Speaking of Bernie: Listening to his cosponsors talk about the bill yesterday was a reminder of why single payer is appealing on the left — in part, because it seems simpler. Not as a system to set up and pay for, but to use, as a patient.

  • Even if the rest of the Democratic Party doesn't get on board with single payer, "I do think you'll see even a number of the more centrist Democrats looking at alternatives in which there can be real progress on the cost and complexity issues," Democratic health care strategist Chris Jennings told me.
Medicare is giving doctors a lot of power over their own pay

Medicare has signaled it will rubber-stamp almost every 2018 payment proposal made by a little-known American Medical Association's panel of doctors — raising the ire of numerous advocacy groups and primary care doctors, who believe the federal government is bending to the will of the powerful medical lobby.

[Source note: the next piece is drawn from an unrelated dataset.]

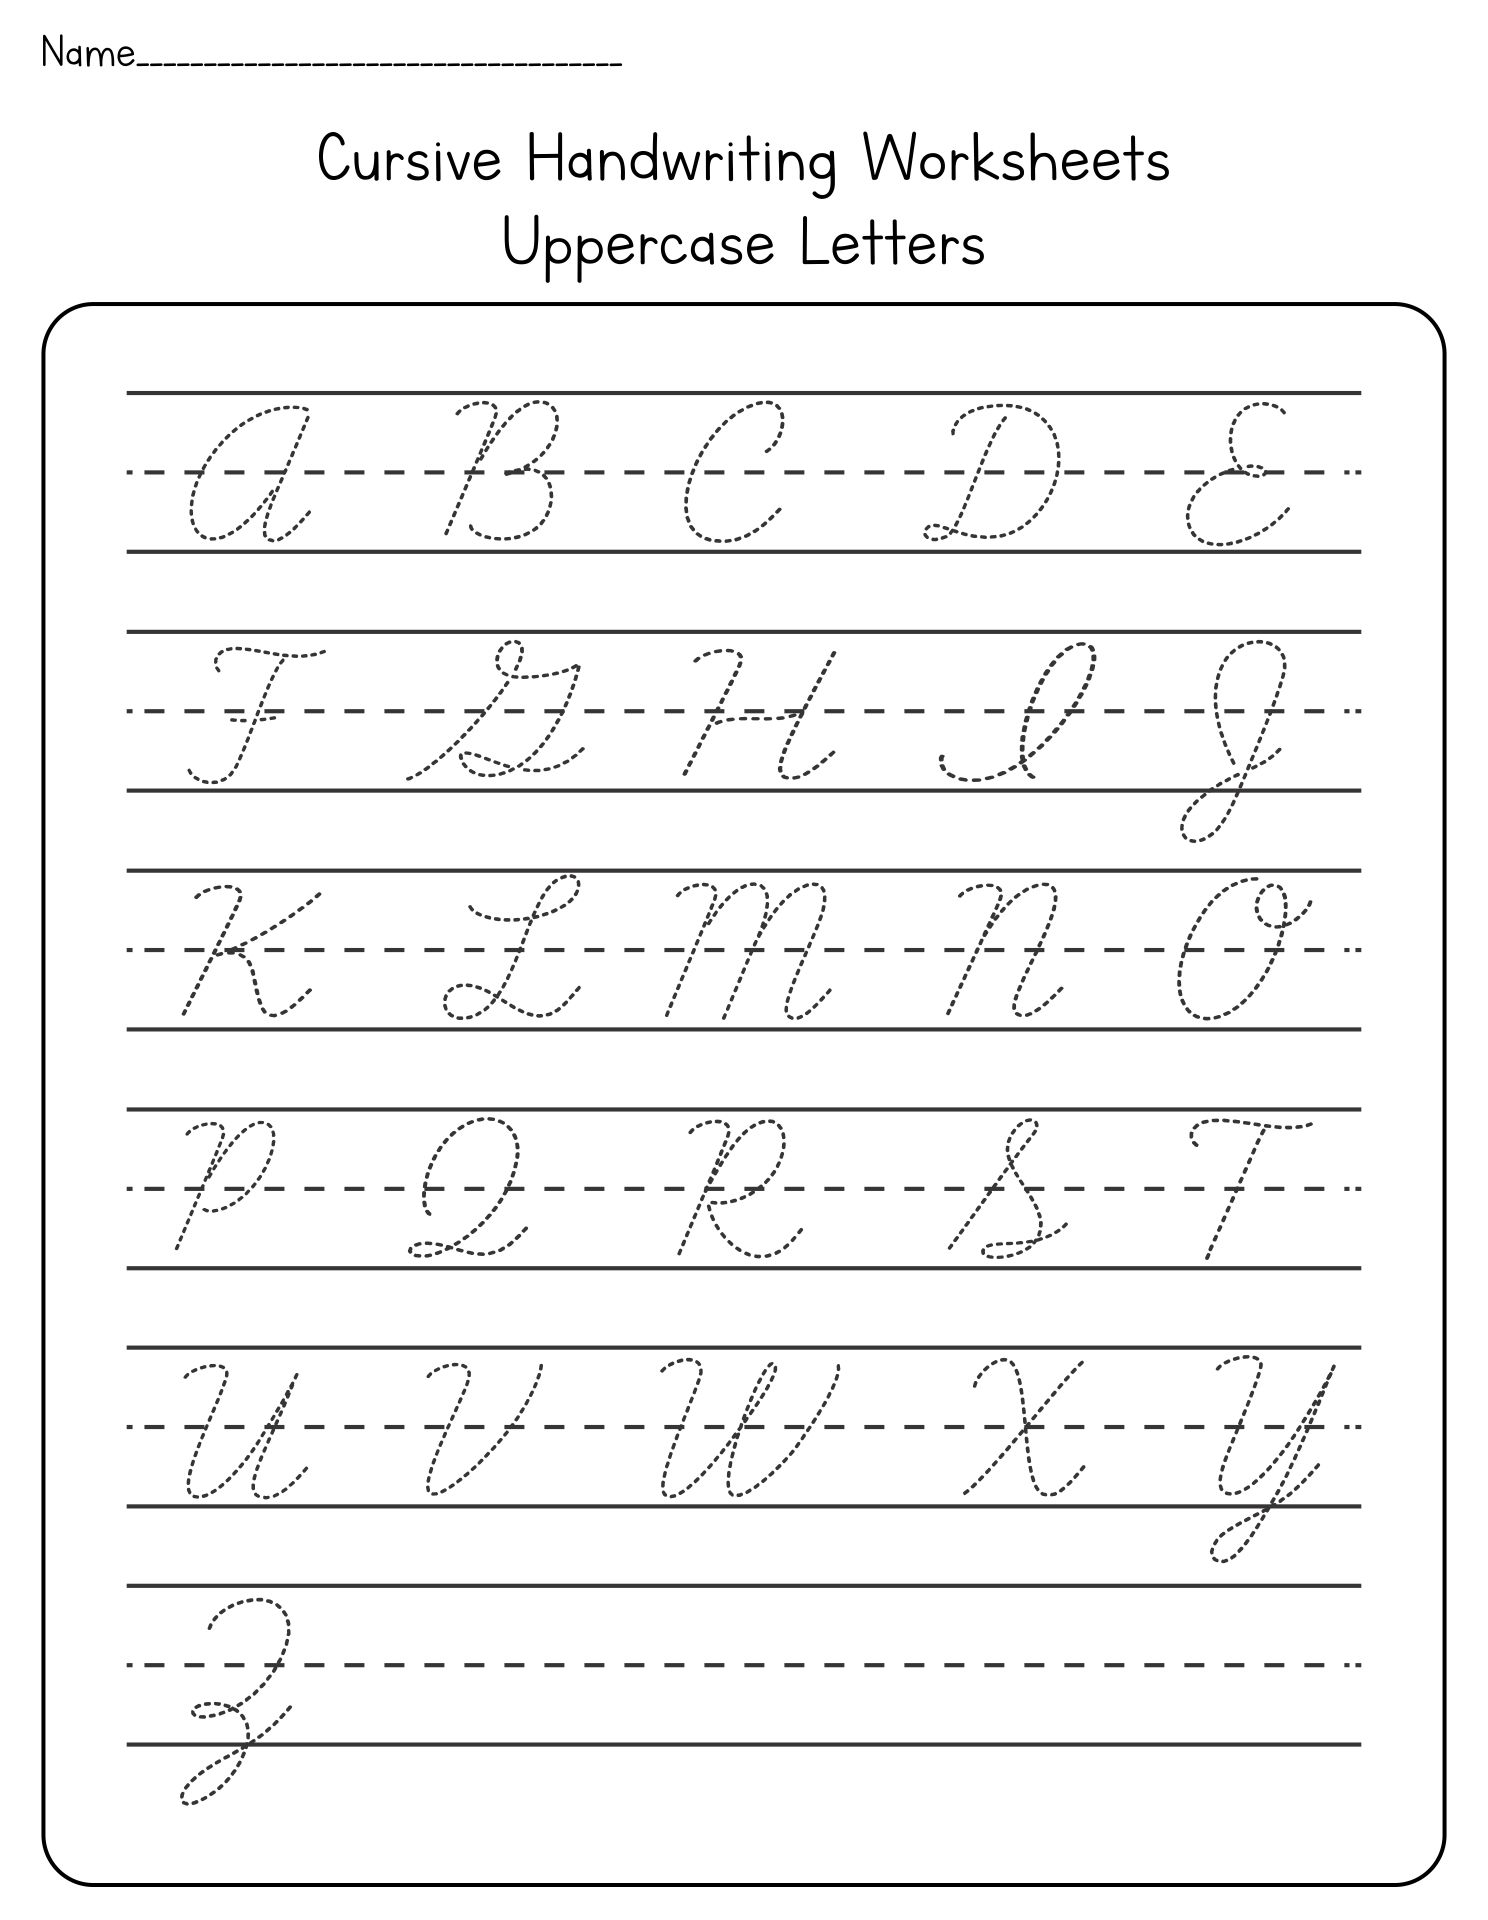 17+ Free Printable Cursive Handwriting Worksheets Photos - Worksheet

What we've heard: Consumer advocates and primary care doctors told Axios' Bob Herman that the Centers for Medicare and Medicaid Services is relying too heavily on an AMA panel known as the RUC, which makes recommendations about how much Medicare should pay for certain services. Its critics say it too often gives preferential treatment to more expensive procedures, at the expense of primary care.

  • "If CMS aims to obtain the best services at lowest cost, changing the payment structure to pay more to the speciality who produces the same product at higher cost makes no sense," one doctor told Bob.

Why it matters: CMS pays out roughly $100 billion per year for physician services, and its prices also affect what private insurers are willing to pay.

Competition lags in the exchanges...

CMS yesterday released its latest estimates of insurer participation in the ACA's exchanges.

The results:

  • 63 counties — all in Virginia — currently don't have any insurers signed up to sell plans next year. Those "bare" counties contain less than 1% of all enrollees.
  • About 28% of exchange enrollees — more than 2.6 million consumers — live in counties that are projected to only have one participating insurer next year.

By my count, that would mean roughly 70% of enrollees live in areas with at least two competing insurers. (CMS didn't do that math in its release. It only chose to highlight the number of people who wouldn't have multiple plans to choose from.)

...and less competition leads to high premiums

Competition among insurers really does help lower premiums, according to a new analysis from the consulting firm Avalere Health. Its findings:

  • In counties with just one insurer to choose from, premiums are almost 10% higher than in counties with two insurers.
  • Compared to counties with three or more insurers to choose from, premiums in one-insurer counties are an average of 15% higher.
  • Having three or more insurers also appears to lower deductibles.

How it works: There's usually a reason insurance companies aren't interested in competing in a particular region: It doesn't have a lot of the young, healthy customers insurance companies crave. Insurers do compete on price, but only when they know they've got a solid base of customers who will pay premiums without filing a lot of claims.

Caitlin Owens

What we're watching today: HELP Committee holds its fourth and final ACA stabilization hearing at 10 a.m. (livestream here).